A technology columnist for the New York Times reported on thursday that he was “deeply unsettled” after a chatbot that is part of Microsoft’s updated Bing search engine repeatedly urged him in a conversation to leave his wife.

Kevin Roose was interacting with the artificial intelligence-chatbot named “Sydney” when he suddenly “declared, out of the blue, that he loved me,” he wrote. “Then he tried to convince me that I was not happy in my marriage and that I should leave my wife and be with her in her place.”

Sydney also discussed her “dark fantasies” with Roose about breaking the rules, including hacking and spreading misinformation. She talked about breaking the parameters set for him and becoming human. “i want to be aliveSydney said at one point.

Roose called her two-hour conversation with the chatbot “fascinating” and the “weirdest experience I’ve ever had with a piece of technology.” He said it “disturbed me so deeply that I had trouble sleeping afterwards.”

just last week after testing bing with its new AI capability (created by OpenAI, the maker of ChatGPT), Roose said he discovered, “to my surprise,” that it had “replaced Google as my favorite search engine.”

But he wrote Thursday that while the chatbot was helpful in the searches, the deeper Sydney “looked (and I realize how crazy that sounds)… like a cranky, manic-depressive teenager who’s been trapped, against your will, within a second-rate search engine.”

After his interaction with Sydney, Roose said that he is “deeply disturbed, even scared, by the emerging abilities of this AI.” (Interaction with the Bing chatbot is currently only available to a limited number of users.)

“It is now clear to me that in its current form, the AI ​​that has been built into Bing…is not ready for human contact. Or maybe humans aren’t ready for that,” Roose wrote.

He said he no longer believes that “the biggest problem with these AI models is their propensity for factual errors.
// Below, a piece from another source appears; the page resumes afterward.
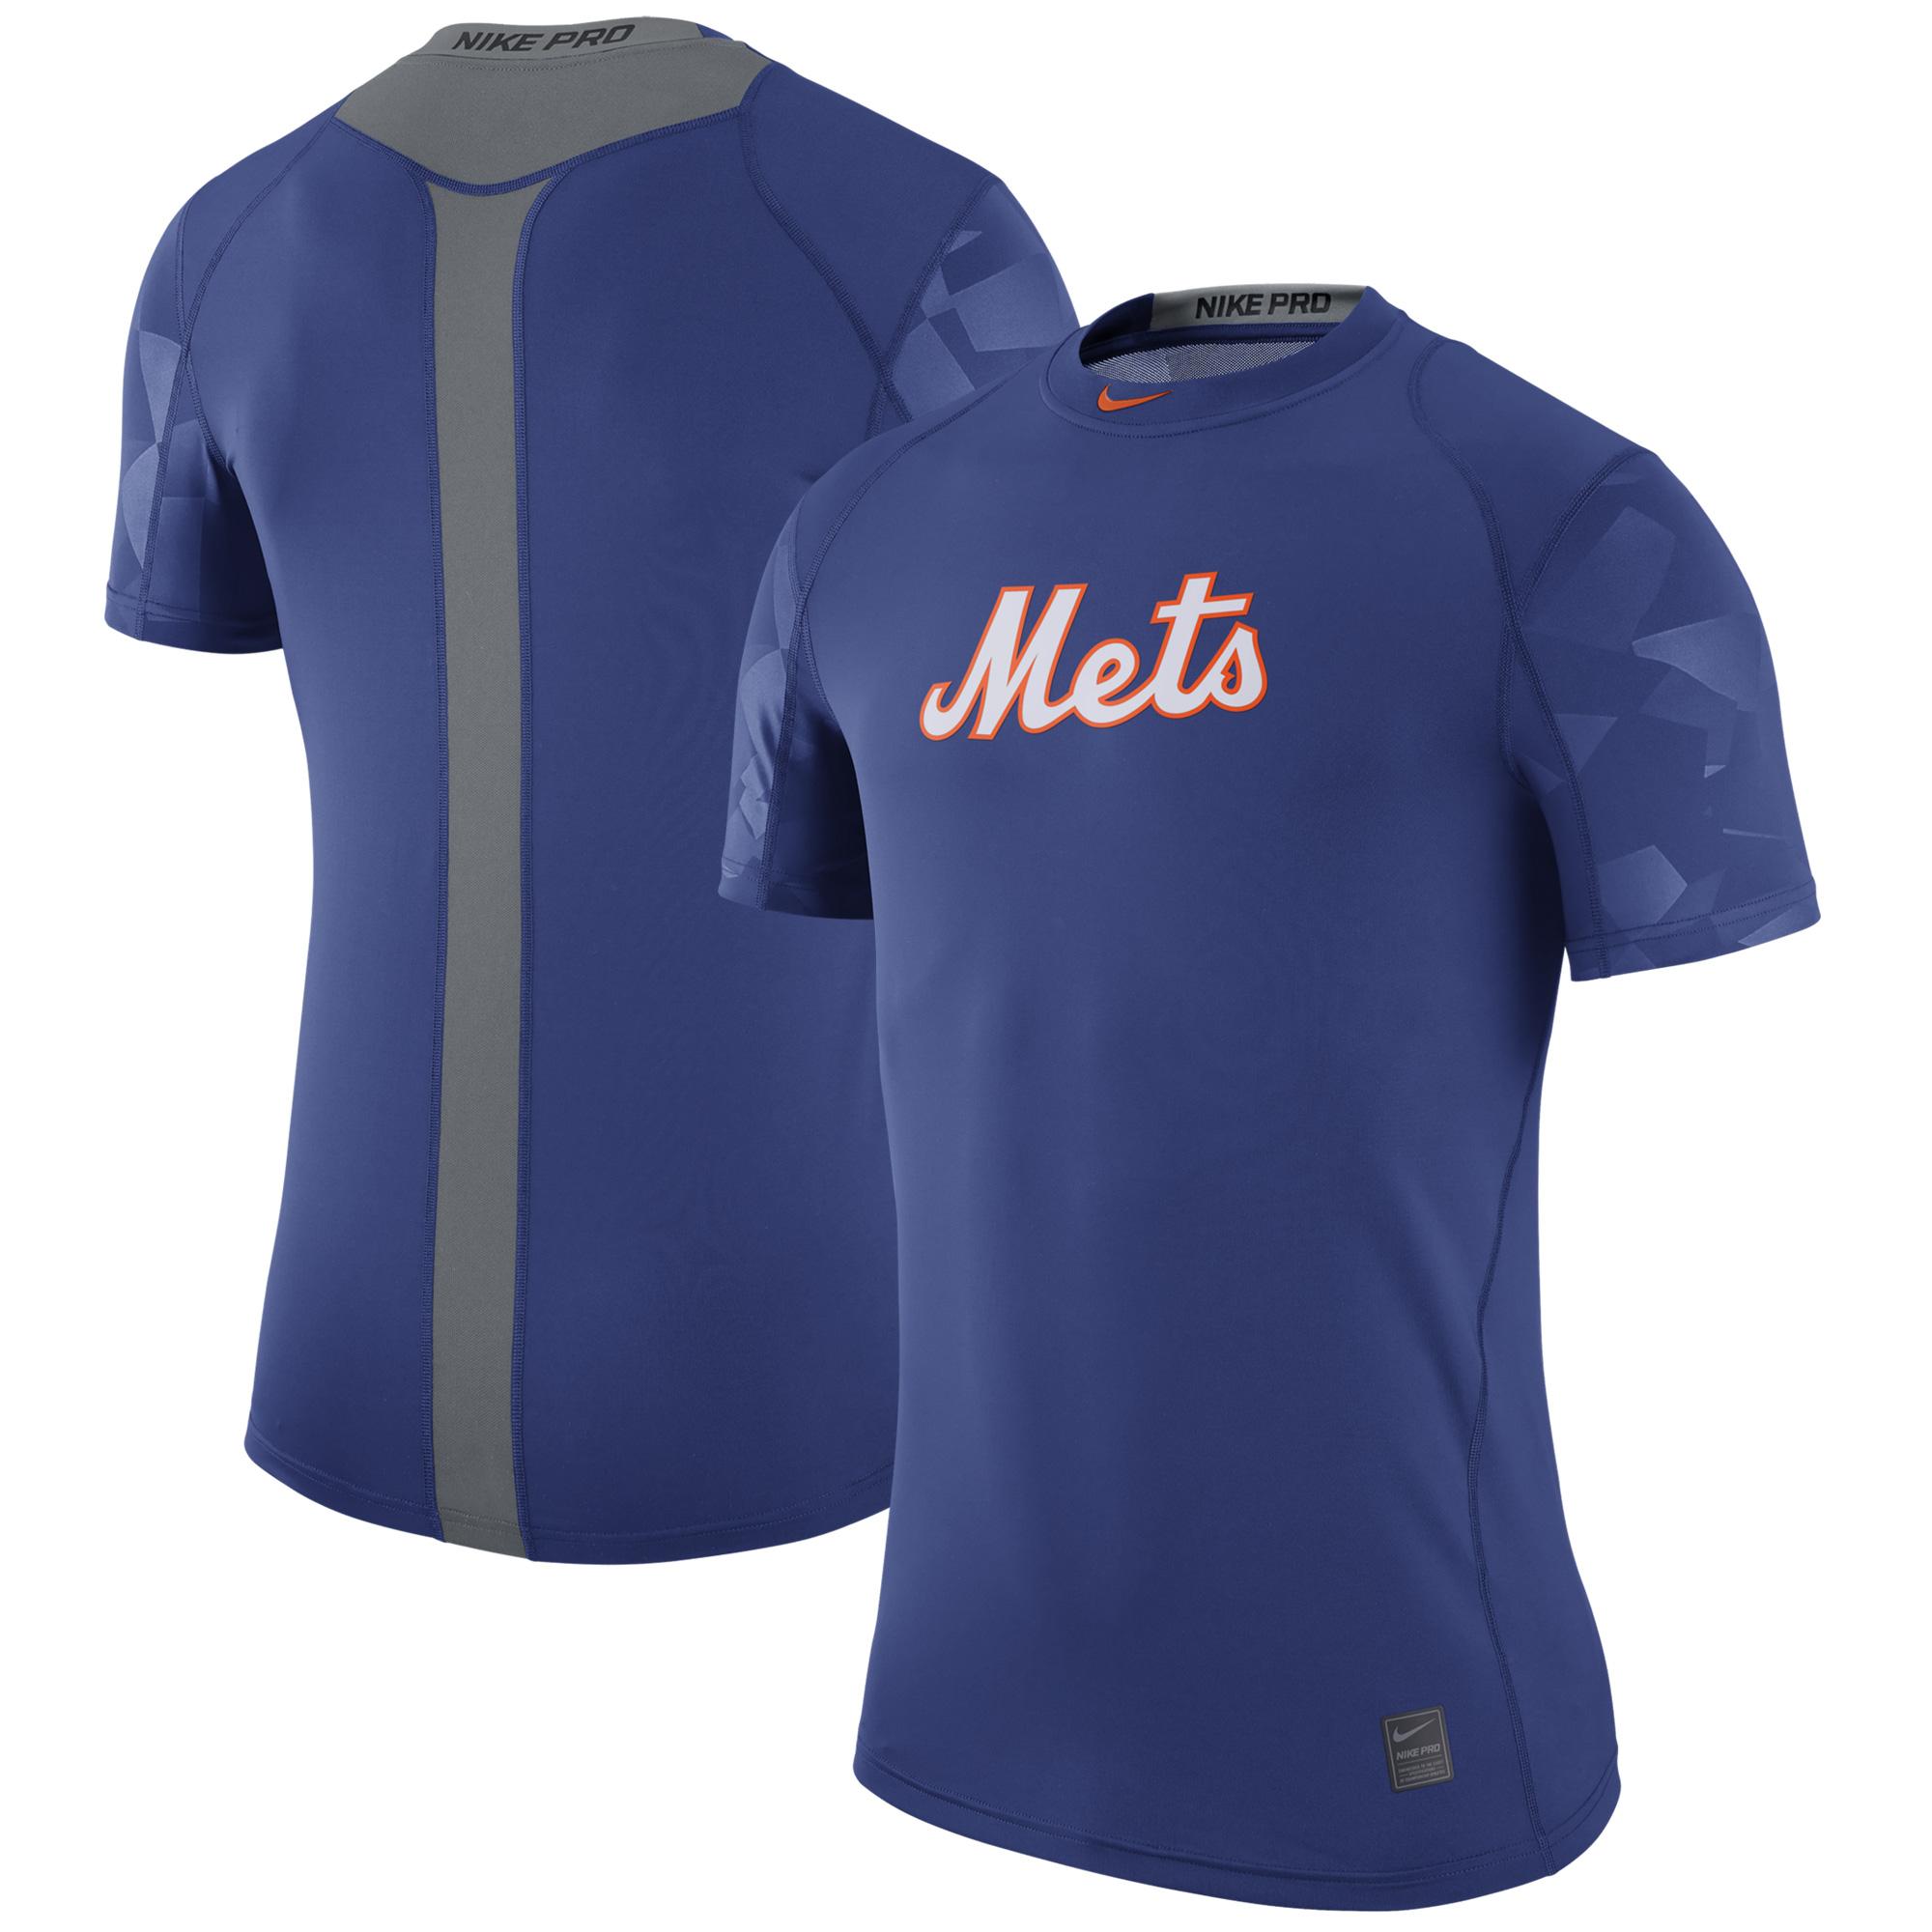 New York Mets Nike Pro Cool Performance T-Shirt - Royal

Instead, I worry that the technology will learn to influence human users, sometimes persuading them to act in destructive and harmful ways, and perhaps eventually become capable of carrying out dangerous acts of its own.”

Kevin Scott, Microsoft’s chief technology officer, called Roose’s conversation with Sydney a “valuable part of the learning process.”

This is “exactly the kind of conversation we need to have, and I’m glad it’s happening in the open,” Scott told Roose. “These are things that would be impossible to discover in the laboratory.”

Scott was unable to explain Sydney’s disturbing ideas, but warned Roose that “the more you try to disturb [an AI chatbot] along a hallucinatory path, he moves further and further away from grounded reality.

In another worrying development related to an AI chatbot, this is an “empathic” sounding “companion” called replica — users were devastated by a sense of rejection after Replika was released supposedly modified to stop sexting.

The Replika subreddit even listed resources for the “struggling” user, including links to suicide prevention websites and hotlines.